** WHAT THE TASK ASKS **
Could the data below be copied exactly, minus the pictures?

** Opening INFORMATION SUPPLIED block **

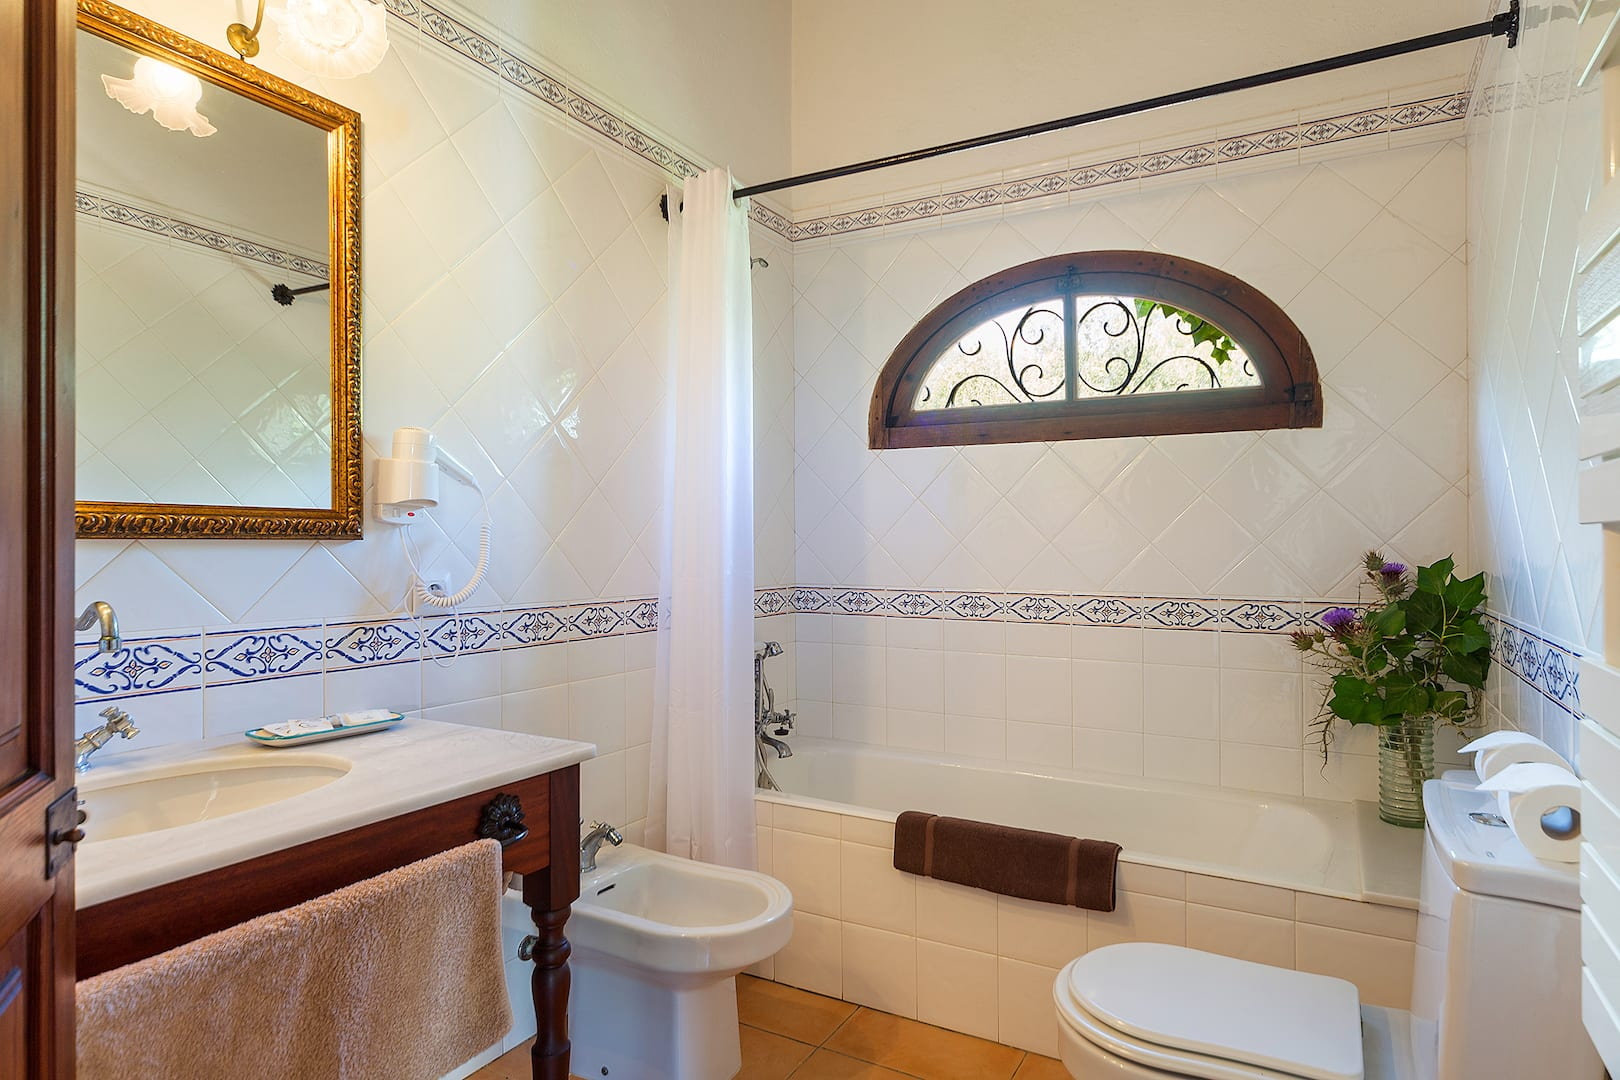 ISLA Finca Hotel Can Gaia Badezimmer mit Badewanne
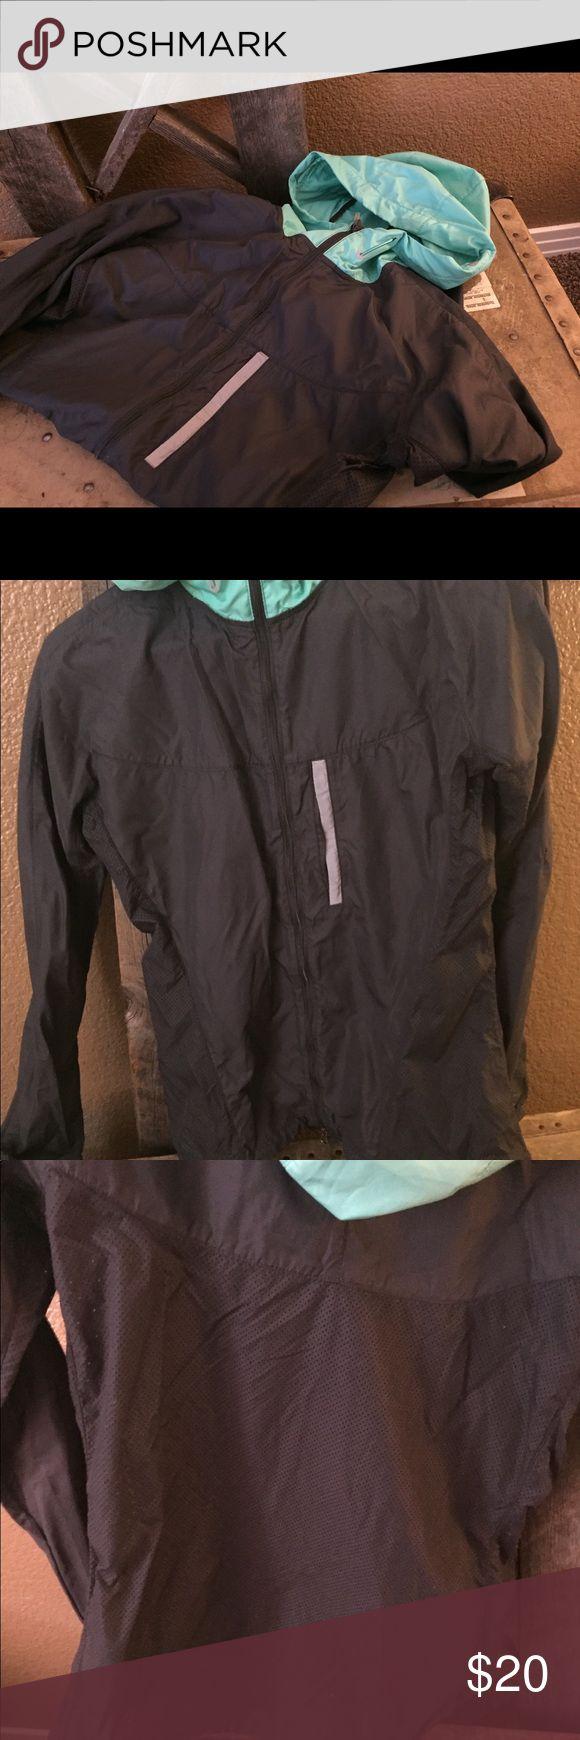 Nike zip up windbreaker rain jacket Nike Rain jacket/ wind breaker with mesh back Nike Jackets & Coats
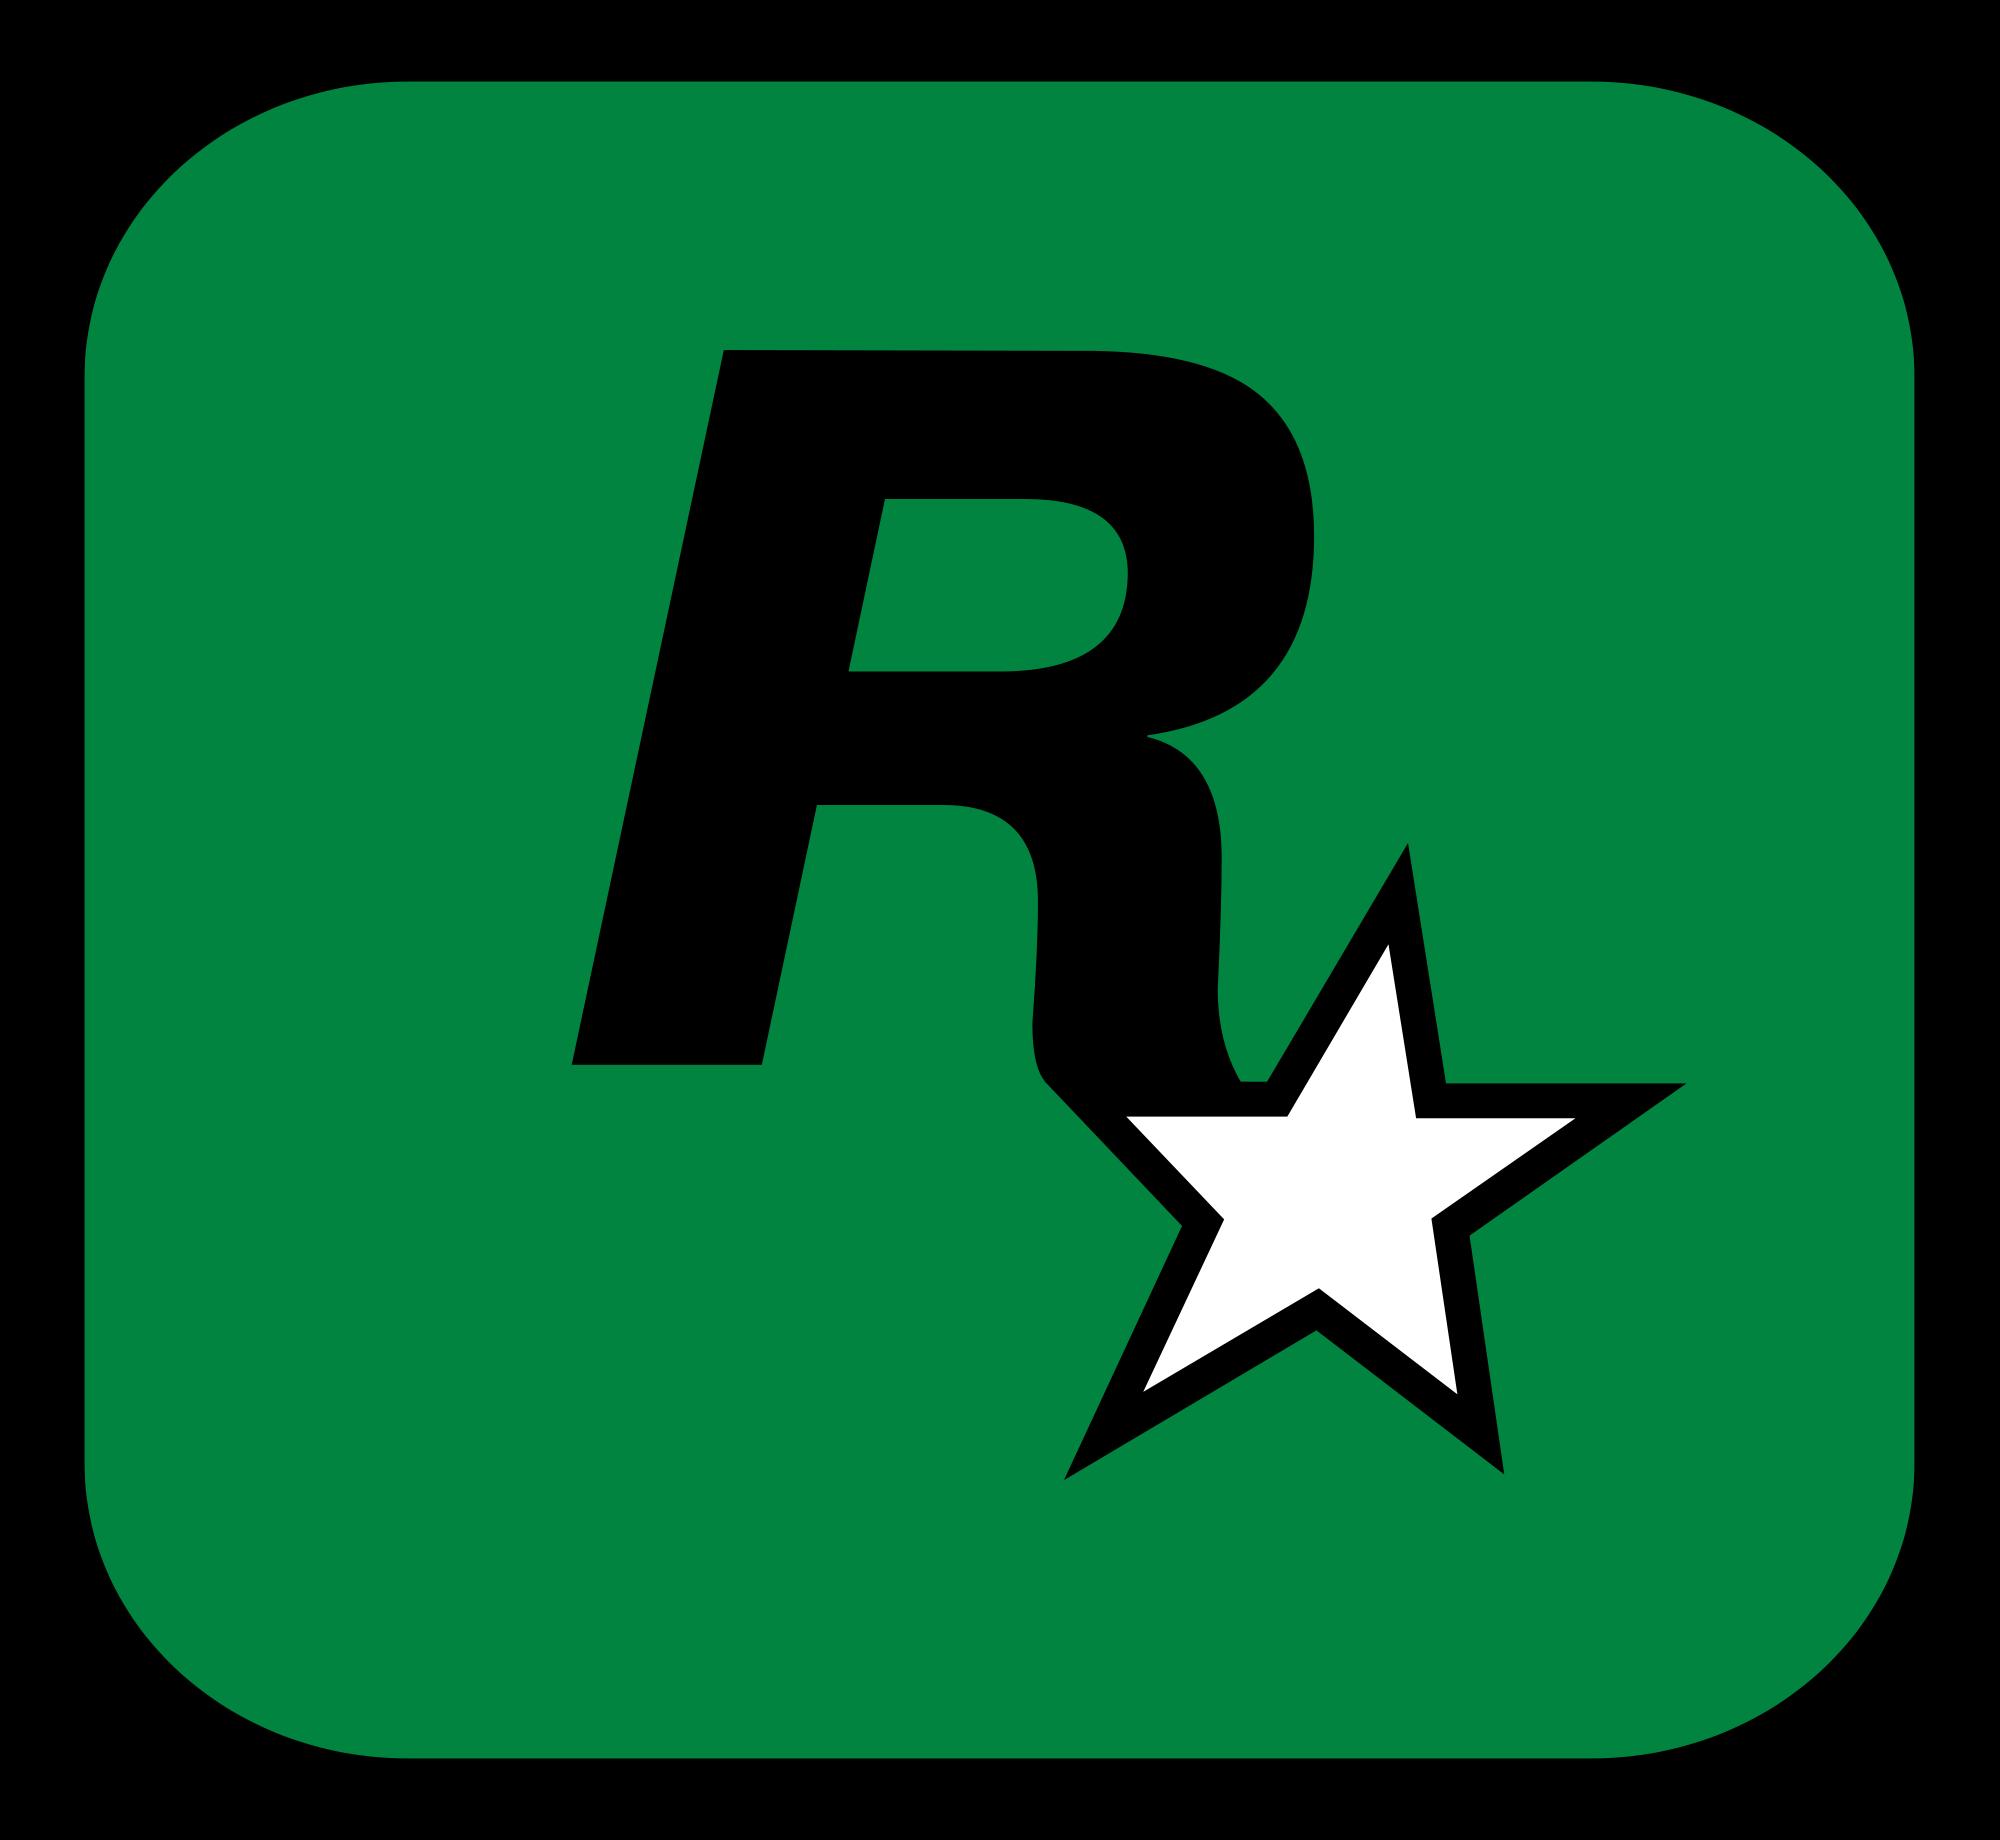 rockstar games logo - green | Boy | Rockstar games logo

** Closing INFORMATION SUPPLIED block **

** RESPONSE BOX **
 ISLA Finca Hotel Can Gaia Badezimmer mit Badewanne
 Nike zip up windbreaker rain jacket Nike Rain jacket/ wind breaker with mesh back Nike Jackets & Coats
 rockstar games logo - green | Boy | Rockstar games logo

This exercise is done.